WHAT THE TASK ASKS: Exact copies of all the lines below are wanted, without a single picture.

SUPPLIED DATA:
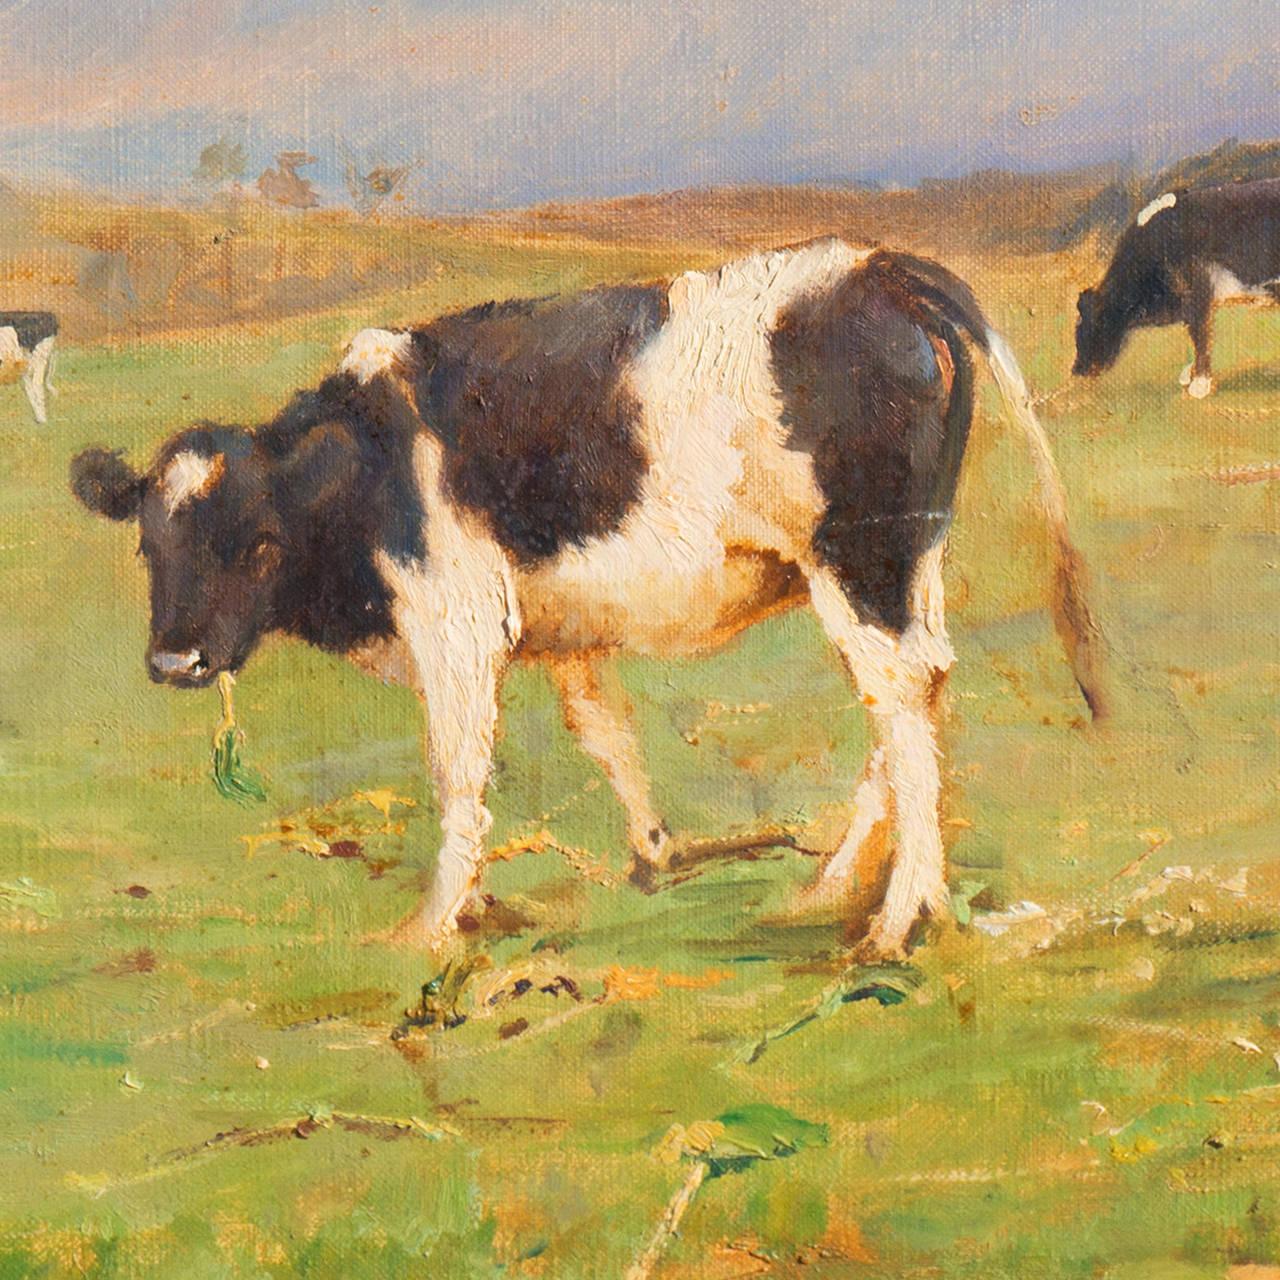 'Cattle at Pasture', Danish Impressionist Landscape oil, Paris, France  - Black Animal Painting by Gunnar Bundgaard
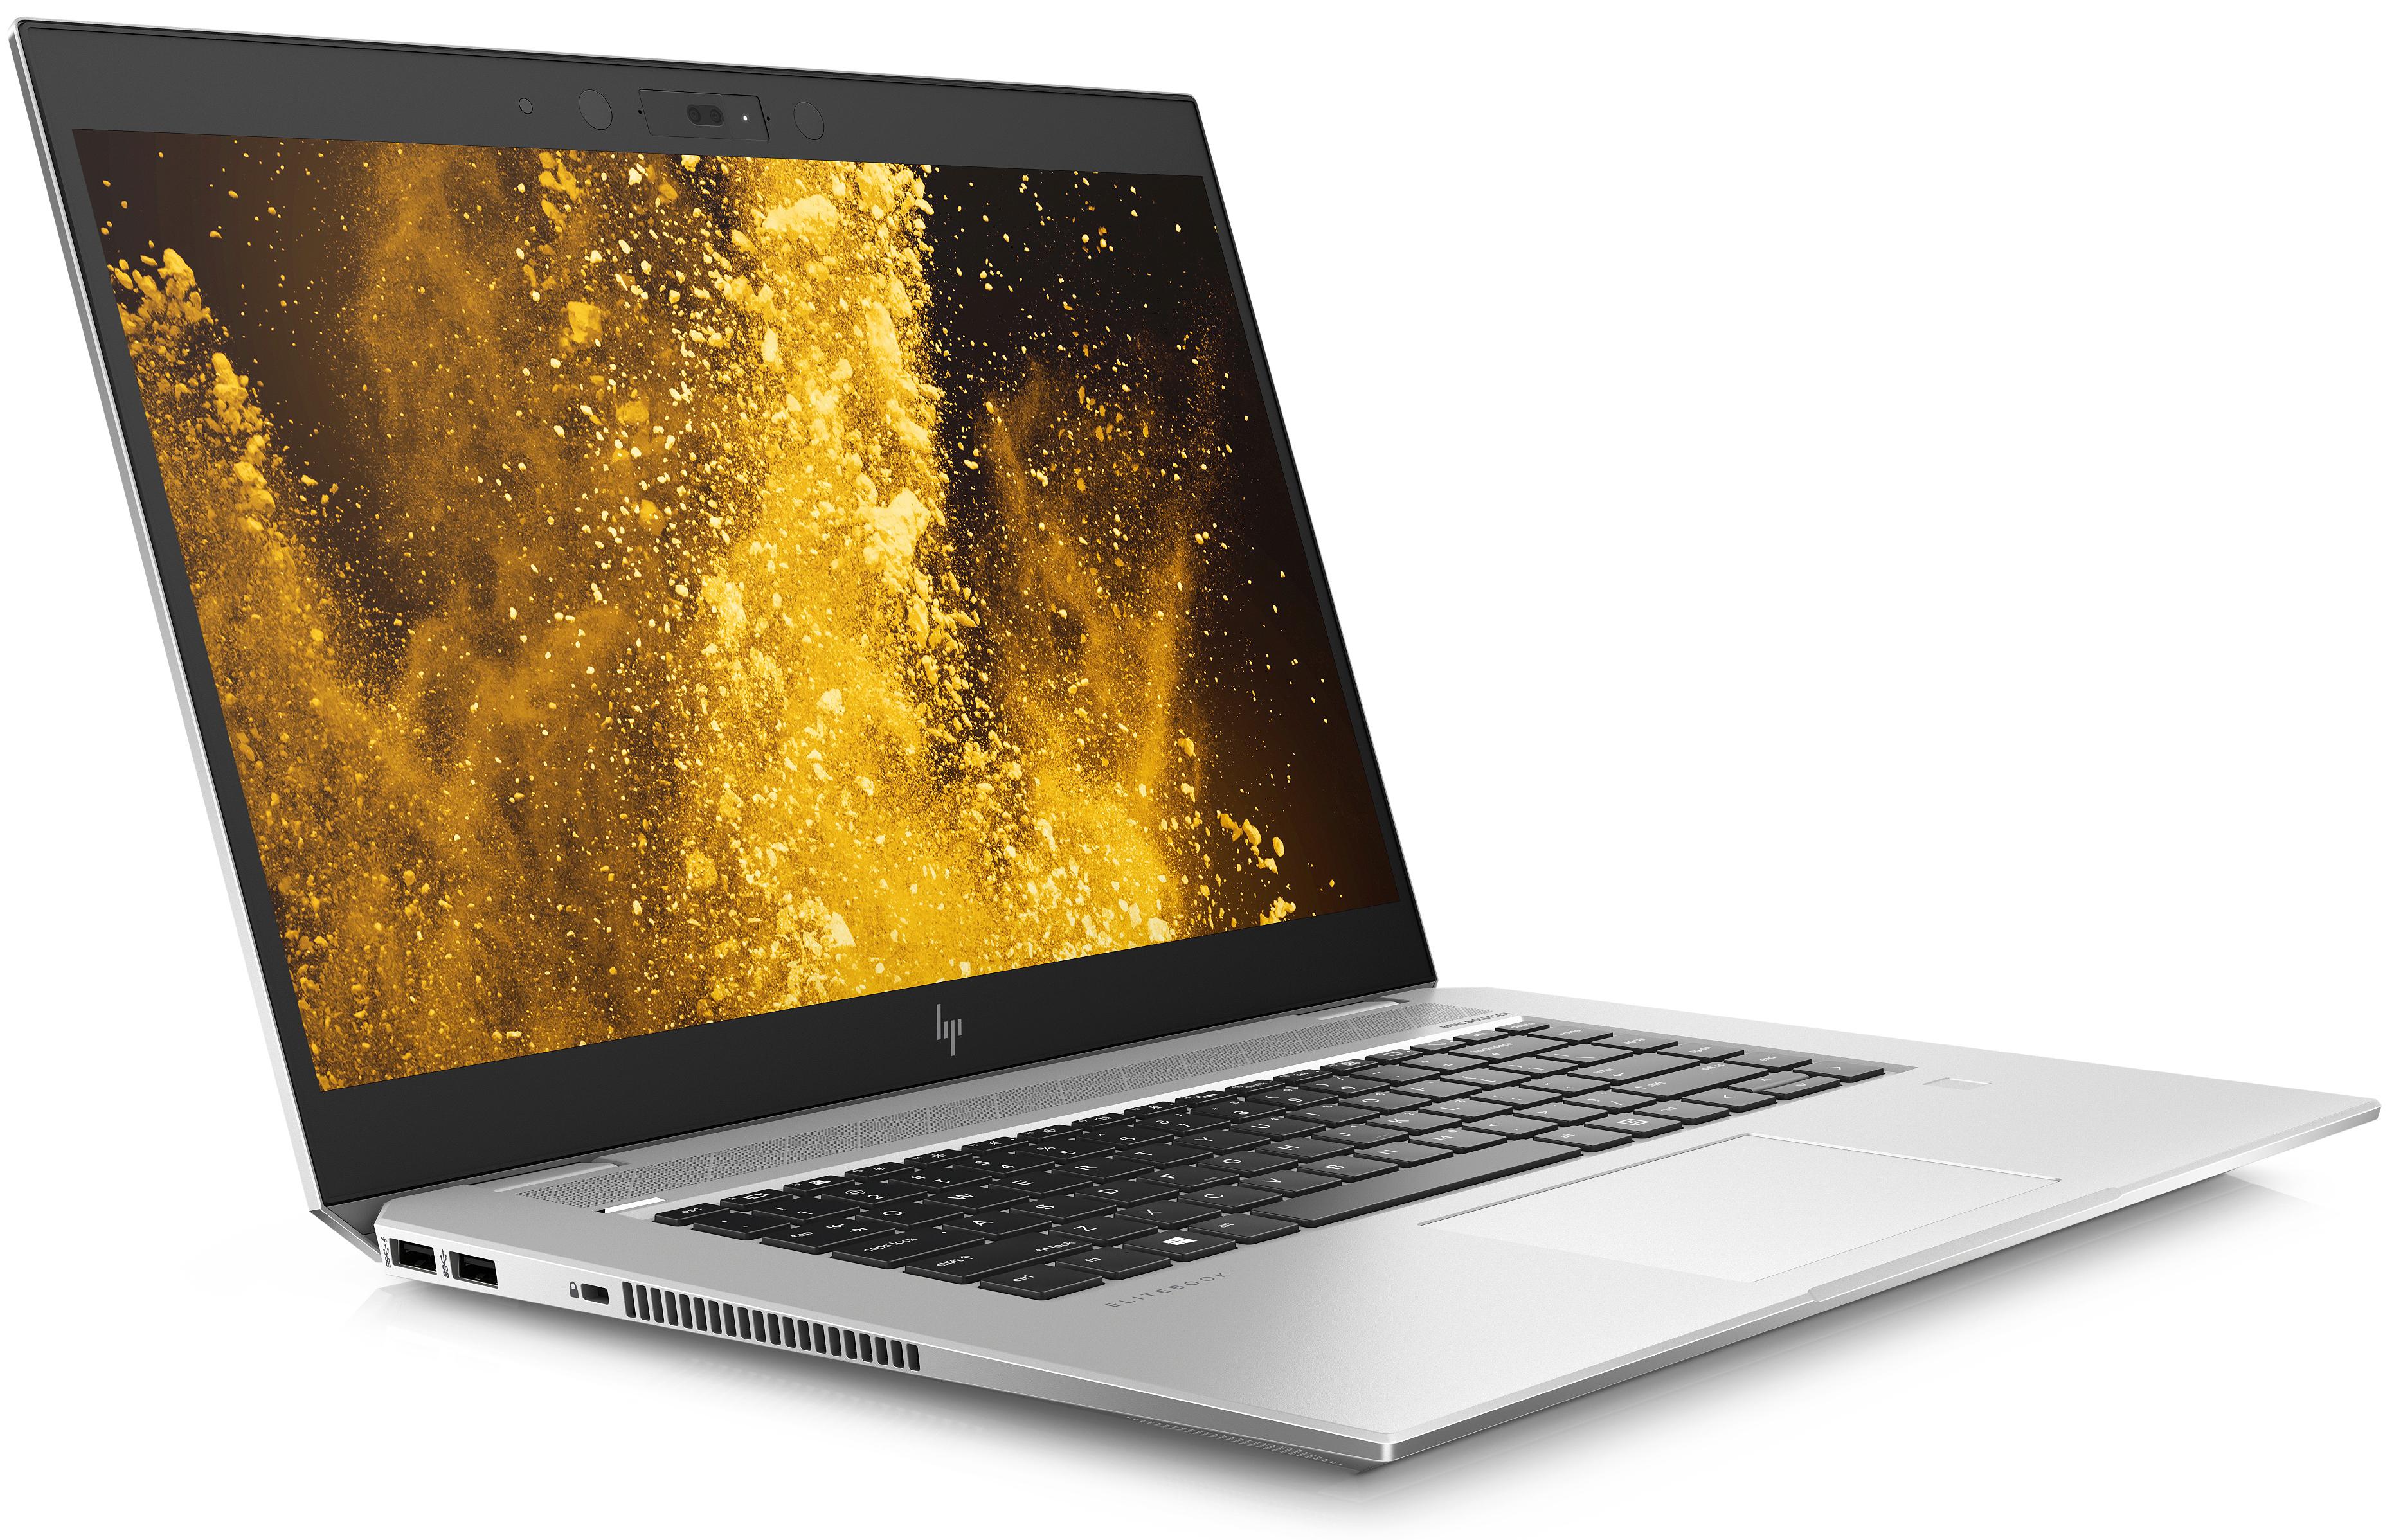 HP EliteBook 1050 G1: Six-Core CPU, NVIDIA GPU, RAID, 15 6
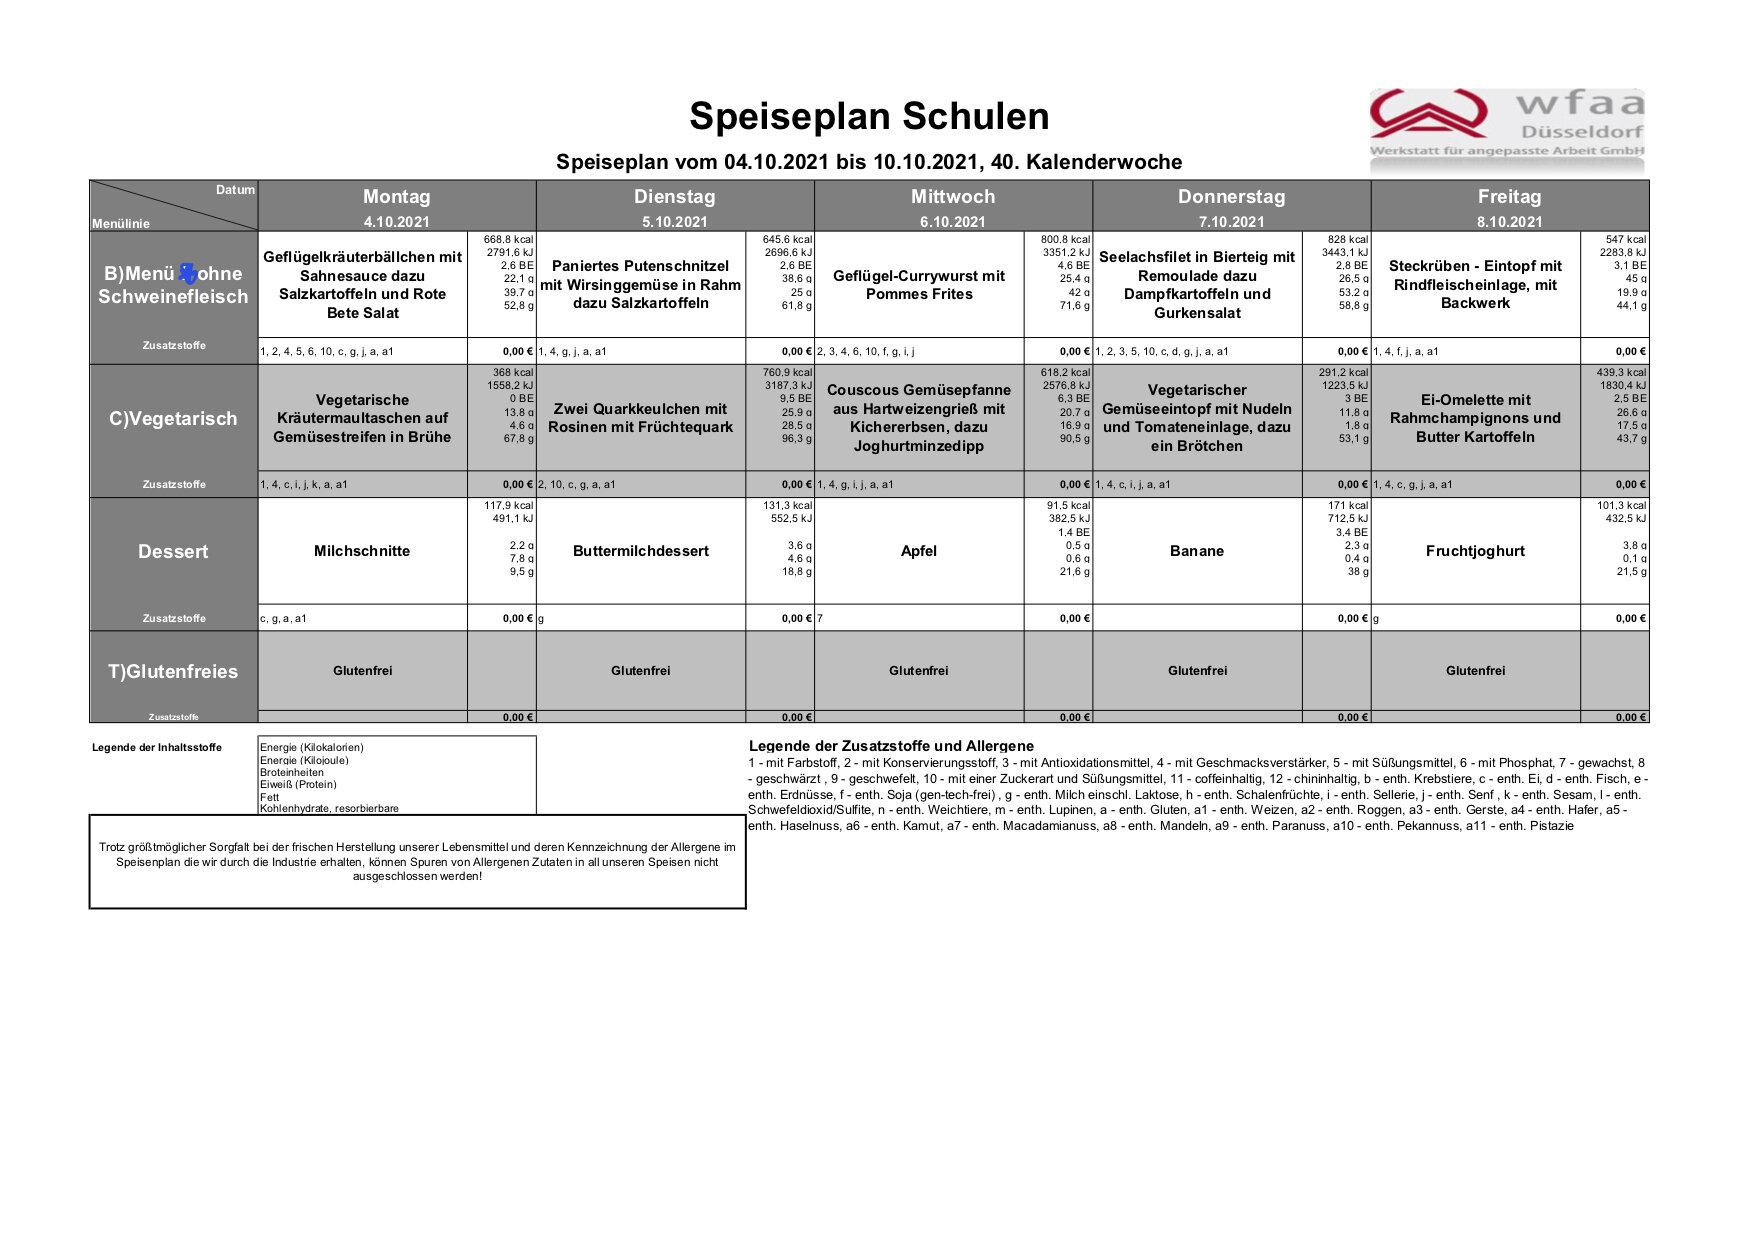 Speiseplan 04.10. - 10.10.2021 (KW 40)

RESULT BELOW:
 'Cattle at Pasture', Danish Impressionist Landscape oil, Paris, France  - Black Animal Painting by Gunnar Bundgaard
 HP EliteBook 1050 G1: Six-Core CPU, NVIDIA GPU, RAID, 15 6
 Speiseplan 04.10. - 10.10.2021 (KW 40)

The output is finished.